_Instructions to follow_: Write out every line exactly, from the first line of the records below through the line that contains "MV Dominant Sneakers em Branco".

_Provided data_:
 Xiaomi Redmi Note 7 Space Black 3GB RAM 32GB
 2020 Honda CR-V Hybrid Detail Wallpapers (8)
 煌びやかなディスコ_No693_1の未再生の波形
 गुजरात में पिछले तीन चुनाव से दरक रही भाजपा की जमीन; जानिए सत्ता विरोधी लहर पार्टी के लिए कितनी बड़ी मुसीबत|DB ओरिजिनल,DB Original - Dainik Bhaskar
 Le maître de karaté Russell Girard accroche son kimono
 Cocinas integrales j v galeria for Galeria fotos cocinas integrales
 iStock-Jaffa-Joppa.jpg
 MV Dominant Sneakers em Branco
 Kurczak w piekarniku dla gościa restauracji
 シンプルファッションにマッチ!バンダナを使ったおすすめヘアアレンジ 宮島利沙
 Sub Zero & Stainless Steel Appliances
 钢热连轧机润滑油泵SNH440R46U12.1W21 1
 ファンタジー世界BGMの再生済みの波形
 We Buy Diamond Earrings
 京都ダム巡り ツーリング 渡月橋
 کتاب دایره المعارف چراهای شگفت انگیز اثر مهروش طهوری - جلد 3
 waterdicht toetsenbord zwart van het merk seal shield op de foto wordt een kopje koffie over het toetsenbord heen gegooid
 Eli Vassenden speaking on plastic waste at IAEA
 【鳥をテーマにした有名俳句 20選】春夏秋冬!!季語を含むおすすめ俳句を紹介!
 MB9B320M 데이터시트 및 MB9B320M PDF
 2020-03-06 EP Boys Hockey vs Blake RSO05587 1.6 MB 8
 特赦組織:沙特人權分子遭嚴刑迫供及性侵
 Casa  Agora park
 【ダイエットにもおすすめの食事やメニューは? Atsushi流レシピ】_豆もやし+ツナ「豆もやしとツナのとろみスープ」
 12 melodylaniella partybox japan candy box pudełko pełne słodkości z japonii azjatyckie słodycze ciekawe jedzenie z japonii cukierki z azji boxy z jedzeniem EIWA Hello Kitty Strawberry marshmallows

_The completed task_:
 Xiaomi Redmi Note 7 Space Black 3GB RAM 32GB
 2020 Honda CR-V Hybrid Detail Wallpapers (8)
 煌びやかなディスコ_No693_1の未再生の波形
 गुजरात में पिछले तीन चुनाव से दरक रही भाजपा की जमीन; जानिए सत्ता विरोधी लहर पार्टी के लिए कितनी बड़ी मुसीबत|DB ओरिजिनल,DB Original - Dainik Bhaskar
 Le maître de karaté Russell Girard accroche son kimono
 Cocinas integrales j v galeria for Galeria fotos cocinas integrales
 iStock-Jaffa-Joppa.jpg
 MV Dominant Sneakers em Branco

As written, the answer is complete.